National election authorities' views on routine verification
"Post-election audits are a best practice of elections administration in general, and especially so when it comes to the performance of voting technology. The Commission recommends that jurisdictions audit the election machinery following each election to ensure both that the vote totals match the votes cast and that any problems related to machinery are reported and resolved." Page 66, The American Voting Experience: Report and Recommendations of the Presidential Commission on Election Administration, January 2014
"Generally, audits can be divided into two categories: (1) reviews of processes and procedures that contribute to an orderly and fair election and (2) verification of the vote counts. The former can be conducted periodically … Verification of vote counts should occur after every election.” Page 4, Report on Election Auditing, Election Audits Task Force of the League of Women Voters of the US, January 2009.
"A solid automatic routine audit can go a long way toward making the least difficult attacks much more difficult. Specifically, (routine verification of output) would force an attacker to involve hundreds more participants in the attack." Page 29, The Machinery of Democracy: Voting System Security, Accessibility, Usability, and Cost, the 2006 report of the Brennan Center's Voting Technology Assessment Project.

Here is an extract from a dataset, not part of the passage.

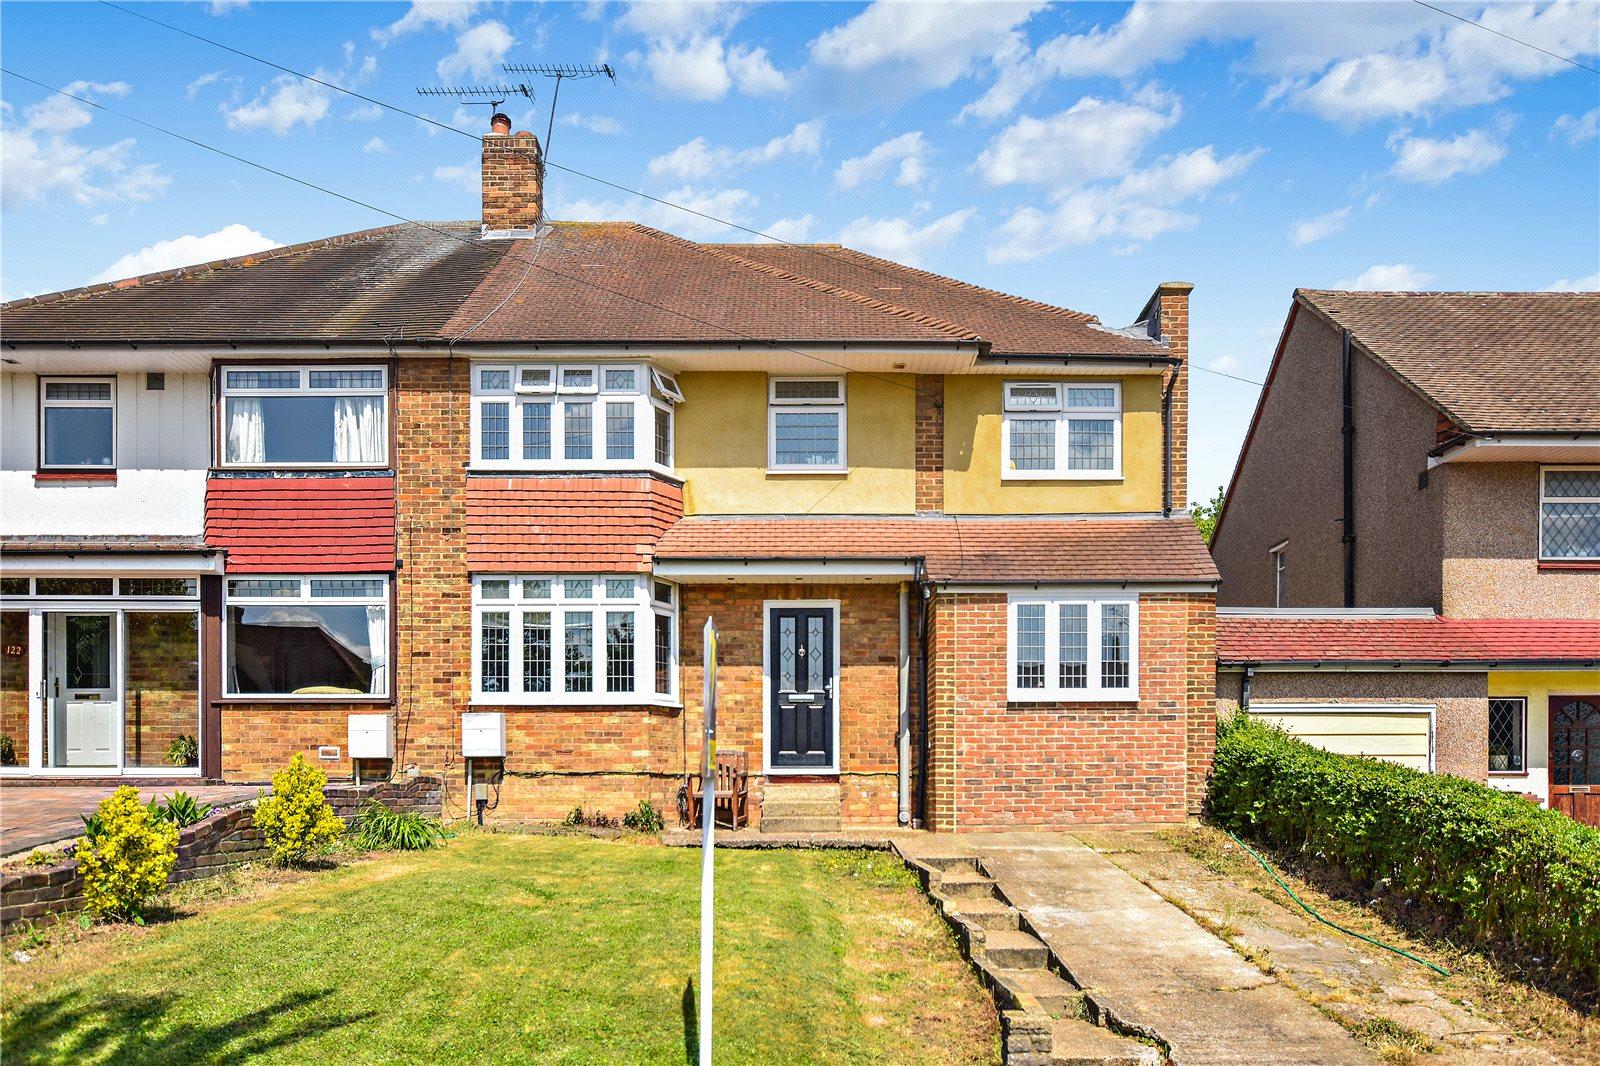 Glenhurst Avenue, Bexley, Kent, DA5

"Well-designed and properly performed post-election audits can significantly mitigate the threat of error, and should be considered integral to any vote counting system. (C)ounting votes on paper records (to) check on the accuracy of election results and resolving discrepancies (is) arguably the most economical component of a quality voting system, adding a very small cost for a large set of benefits." Page 3, Principles and Best Practices for Post-Election Audits, Multiple organizations, working with ElectionAudits.org, 2008
Current law, current practice, and GAB's role
Wisconsin's elections officials currently practice multiple pre-election security measures and a few post-election procedures intended to promote accurate election results. None of these are harmful; most are prudent and necessary. However, none fulfill the critical function of reliably detecting electronic miscounts while they can still be corrected. This document contains a brief discussion of the current responsibilities and practices of Wisconsin's various election officials, and what they could be doing under current law.
What are we recommending?
The Wisconsin Election Integrity Action Team is recommending that Wisconsin county clerks (individually or as a group) develop and adopt procedures for routine, transparent, statistically valid verification of electronically tabulated outcomes to be completed before county certification of election results.
These procedures should meet nationally recognized standards for verification, including use of the efficient sampling method developed by the American Statistical Association, known as risk-limiting audits.
In addition, we have no objection to verification performed with the digital ballot images created by the ES&S DS200 system and by Dominion Voting's ImageCast system, rather than with our voter-marked paper ballots, if the verification is performed promptly enough to reduce opportunity for tampering with the images. We recognize the possibility that malicious programming could cause the machines to create digital images that are not true copies of the voter-marked ballots, but digital images have dramatic, decisive advantages for transparency and efficiency, and county clerks could adopt procedures to spot-check the integrity of the digital images.